From the records below, output exactly the lines running from the line containing "作動するまばたき小石Pro-Tec Athletics(プロテックアスレチックス) The" through the line containing "ROGELLI kurtka rowerowa", and no others.

Listed records Start Marker

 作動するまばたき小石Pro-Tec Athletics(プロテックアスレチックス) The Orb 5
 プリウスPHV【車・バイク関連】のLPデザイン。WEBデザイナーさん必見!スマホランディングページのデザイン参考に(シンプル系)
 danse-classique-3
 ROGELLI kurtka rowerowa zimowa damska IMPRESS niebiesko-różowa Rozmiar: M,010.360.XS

Listed records End Marker
Listed records Start Marker

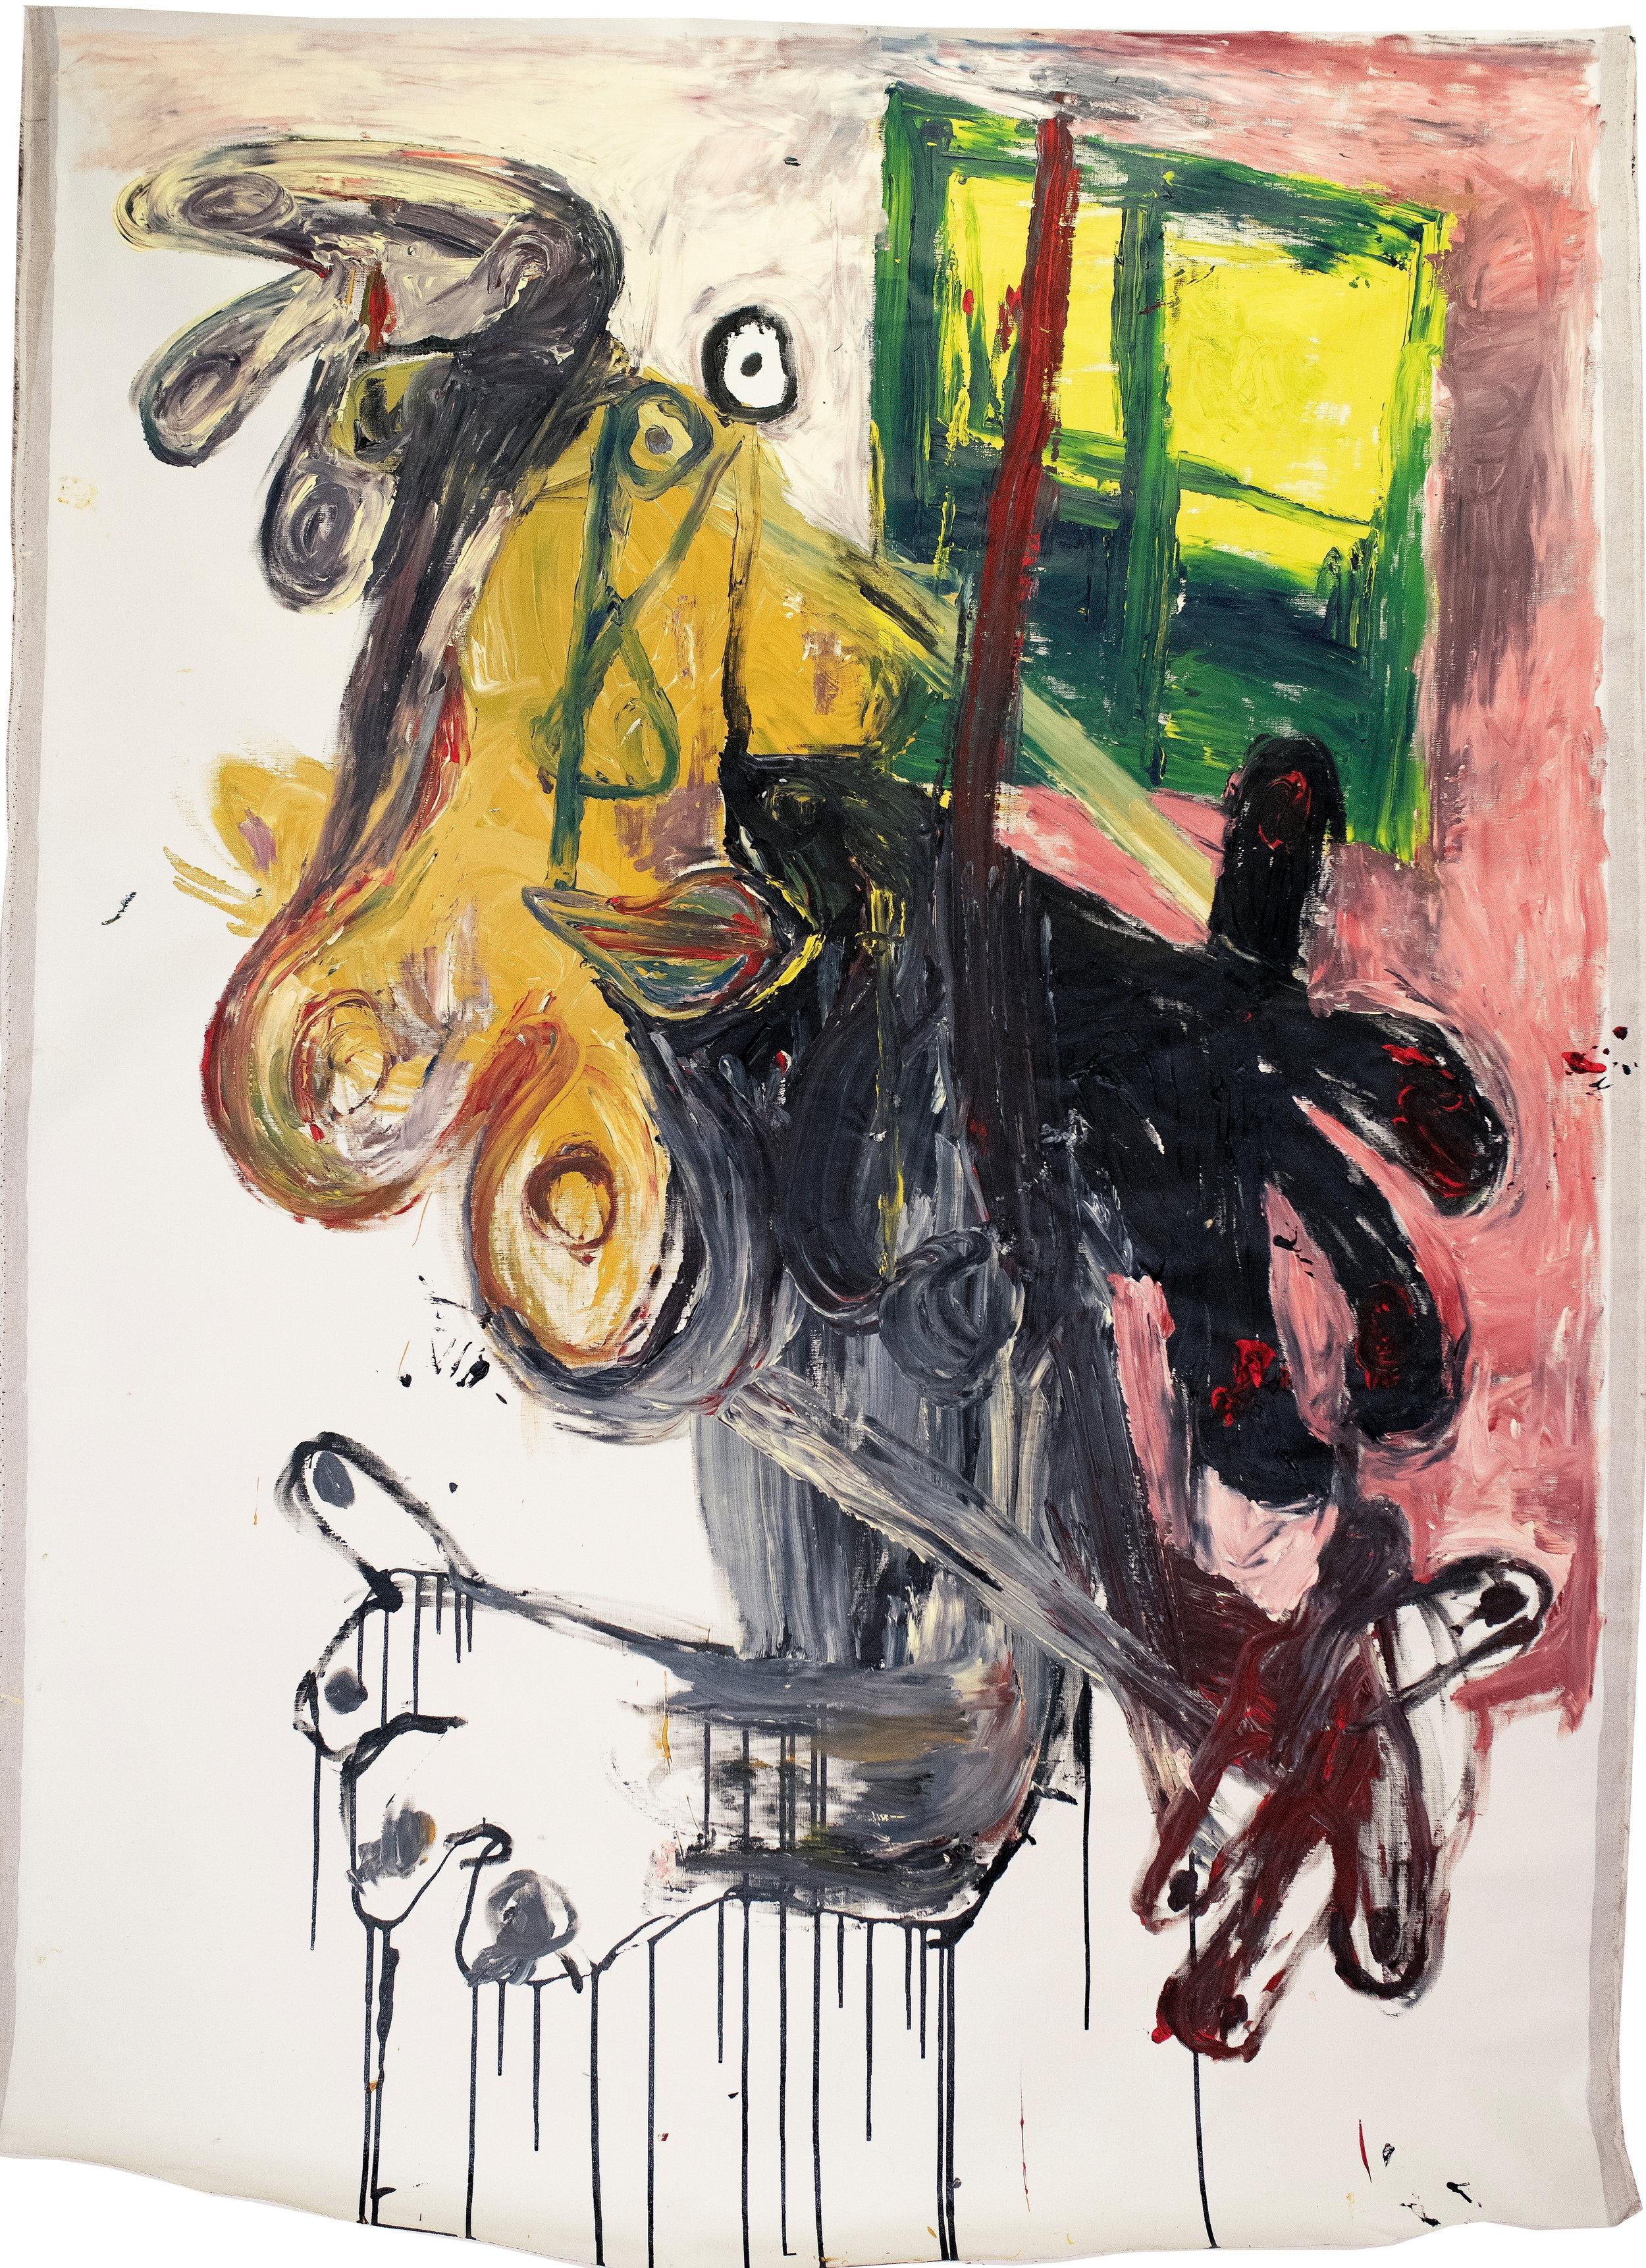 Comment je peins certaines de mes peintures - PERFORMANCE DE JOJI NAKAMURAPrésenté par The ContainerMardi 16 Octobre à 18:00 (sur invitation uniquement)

Listed records End Marker

### Completed exercise
 作動するまばたき小石Pro-Tec Athletics(プロテックアスレチックス) The Orb 5
 プリウスPHV【車・バイク関連】のLPデザイン。WEBデザイナーさん必見!スマホランディングページのデザイン参考に(シンプル系)
 danse-classique-3
 ROGELLI kurtka rowerowa zimowa damska IMPRESS niebiesko-różowa Rozmiar: M,010.360.XS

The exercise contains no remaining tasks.